Alegoriye göre bazı insanlar karanlık bir mağaraya zincirlenmişlerdir ve bu
insanlar başlarını sağa ve sola çeviremezler sadece karşılarındakini
görebilmektelerdir. Doğuştan beri bu mağarada bulunan insanlar mağaranın
girişinden yansıyan nesnelerin gölgelerini görür ve bunları gerçeklikleri
olarak algılarlar. Nihayet bir gün bu insanlardan bir tanesi zincirlerinden
kurtulur ve mağarayı terk eder. Mağarayı terk eden bu insan mağaranın dışında
yeni bir gerçeklik ile tanışır ve duvarda gölgelerini gördüğü nesnelerin gerçek
olmadığının farkına varır. Bunu mağaradaki arkadaşları ile paylaşmak üzere
mağaraya geri döner. Mağaradaki arkadaşları ise mağaranın dışında farklı bir
gerçeklik olduğuna inanmazlar. Ve bu insanlara mağaranın dışındaki gerçekliği
aktarabilmek de imkansızdır.
Bu iki hafta sonunda Tom önderliğinde kasabalı toplanır ve Grace’in gitmesi
veya kalması üzerine bir oylama yapar. Kalmasını isteyen her kişi için kasabada
bir çan çalınır. Toplamda 15 çan çalınması gereklidir. Grace kalacağına inanmaz
ve eşyalarını toplar. Tedirgin bekleyişi devam ederken çan 15 kere çalınır ve
Tom yanına gelerek ona kasabada kalacağını söyler.
Ardından ‘mutlu günler’ başlar. Grace kasabalıya her türlü desteği vermeye
devam eder. Kasabalı Grace’e kalacak yer temin eder. Bu mutluluk aslında
kasabalı için menfî çıkarlara dayanan bir mutluluktur.

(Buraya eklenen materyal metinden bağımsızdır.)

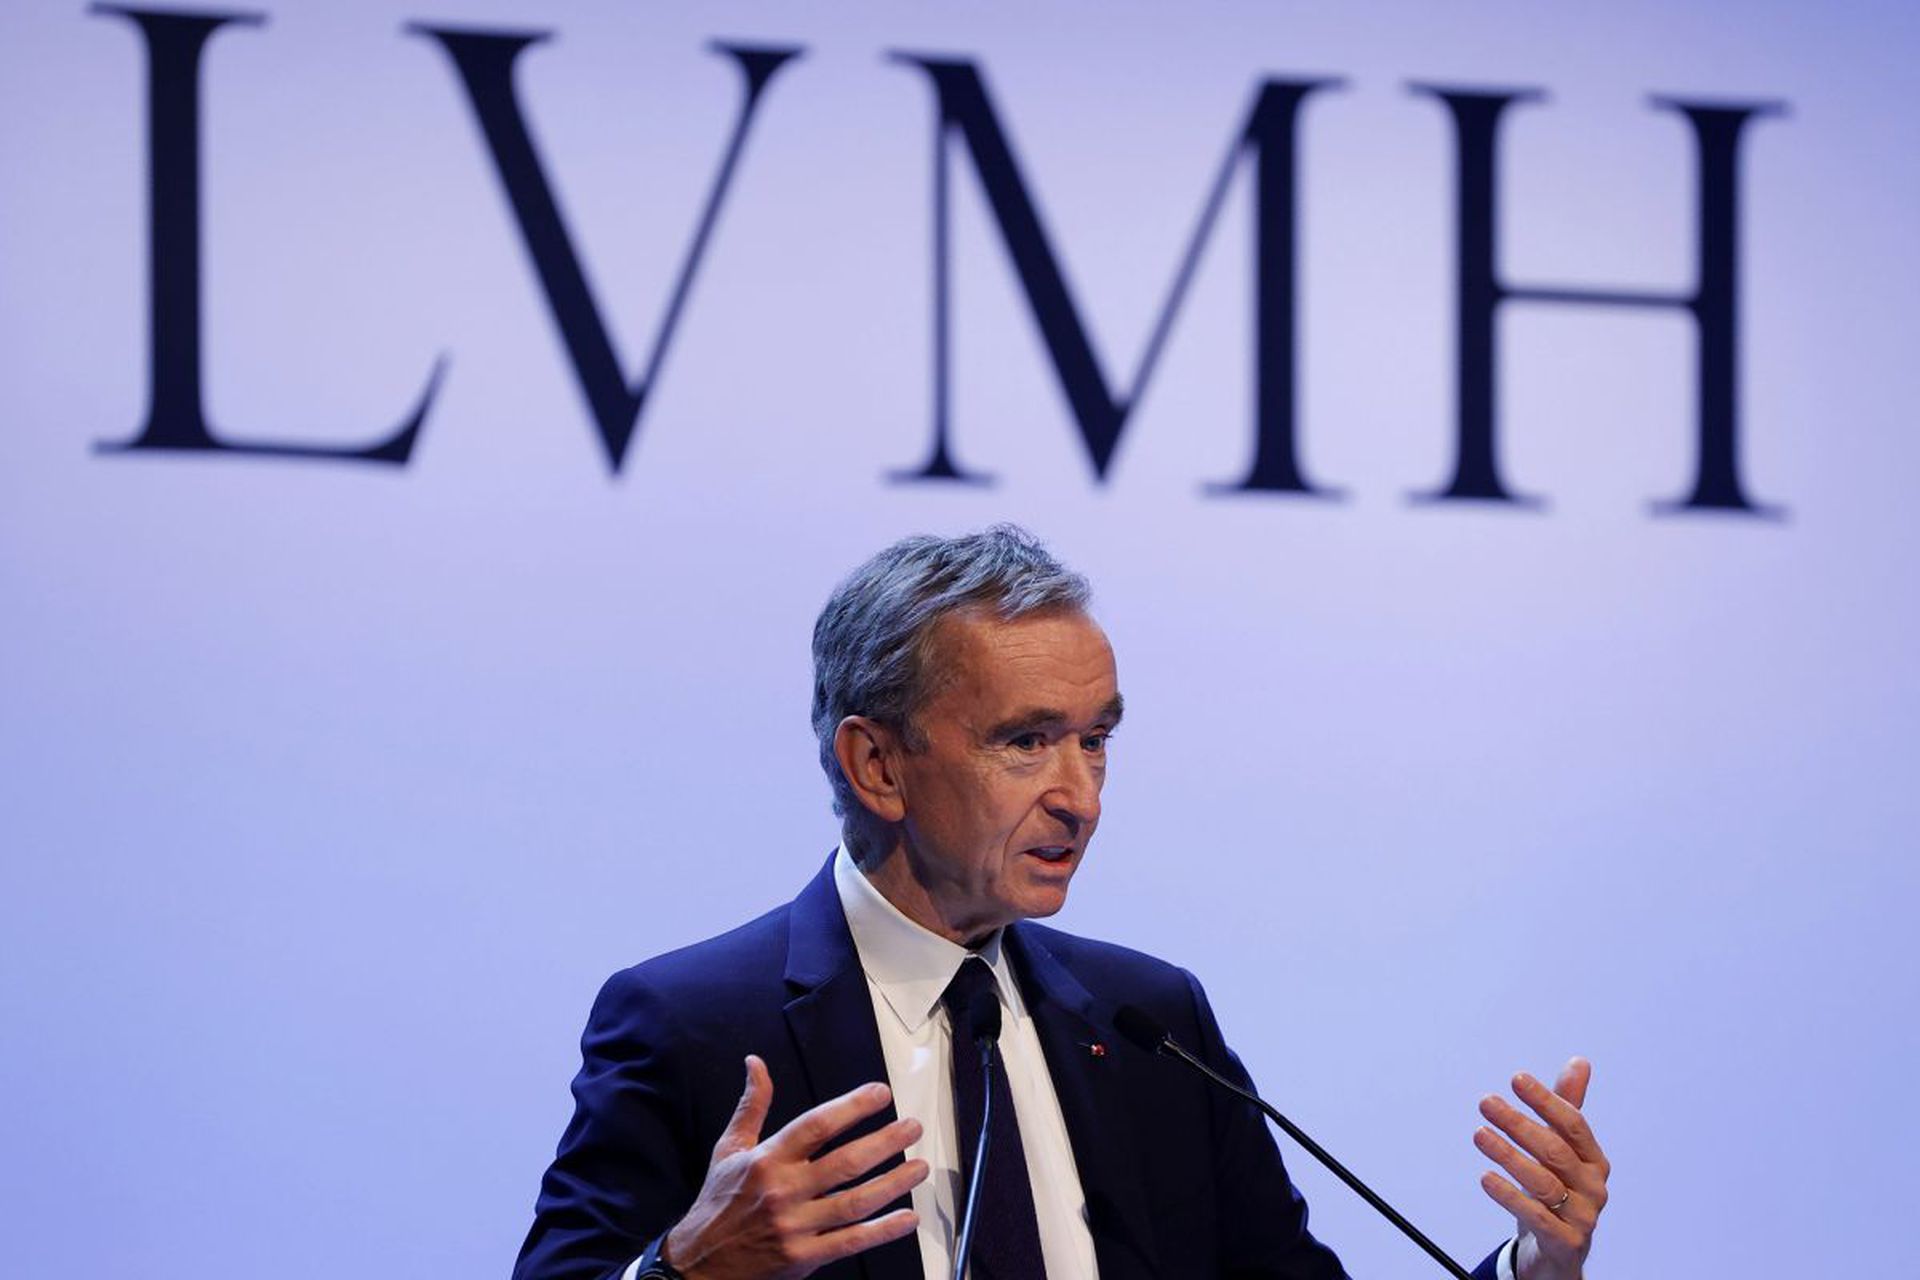 LVMH集團主席Arnault發出警告：「必須警惕元宇宙泡沫」

Kasabaya polislerin gelip Grace’in kayıp ilanını asması ile kasabalı tedirgin
olur ve ona karşı şüpheleri daha da kuvvetlenir.
Kasabalı, herkesin katıldığı bir “akşam yemeği” tertip eder. Bu arada Tom ile
Grace bir bankta oturur ve Tom, Grace’i tam olarak anlayamadığını ifade eder.
Tom, her yönden yarım ve eksik bir karakterdir bu yüzden Grace’e karşı
hissettiği duygular da ona olan inancı da yarımdır, eksiktir. Onu tam
anlayamaz, sevemez ve aşık olamaz. Onu tam koruyamadığı gibi…
“Son akşam yemeği” mutlu bir şekilde devam eder, Mc Kay sofrada Grace’in
hakkını teslim eder ve onun sürekli kasabada kalabileceğini söyler. Bu esnada
polisler tekrar gelir ve Grace madene saklanır. Polisler eski ilanı söküp
Grace’in asılsız iddialar ile suçlandığı bir ilan asar ve Grace’in üstüne “para
ödülü” koyulur.
Kasabalı bu durumdan dolayı tedirgin olur ve Grace’in kasaba için bir tehlike
olduğunu düşünür. Menfî
çıkarlarından dolayı gitmesini de istemezler. Kasabada kalması için bir bedel
ödemesini isterler. Bu isteği üstü kapalı bir tehdit ile Tom bildirir. Başına
konan ödül bir artık Grace için bir şantaj olarak kullanılacaktır.
Grace artık kasabalının yardımına günde bir kere değil iki kere gidecektir ve
aldığı küçük bir miktar para kesilecektir. Grace bu paraları mağazadaki “7 adet
insan biblosunu” almak için harcamaktadır. Çünkü bu biblolar ona kasabadaki
insanları ve “insanlığı” hatırlatmaktadır. Grace, beş bibloyu kendi çalışarak alır ve son
iki tanesini Tom alıp Grace’e hediye eder.
Kasabalı artık bu şantaj kozunu kullanarak Grace’e üstü kapalı köle muamelesi
yapar ve her işlerini, her arzularını, her isteklerini bu şantaj ile giderir.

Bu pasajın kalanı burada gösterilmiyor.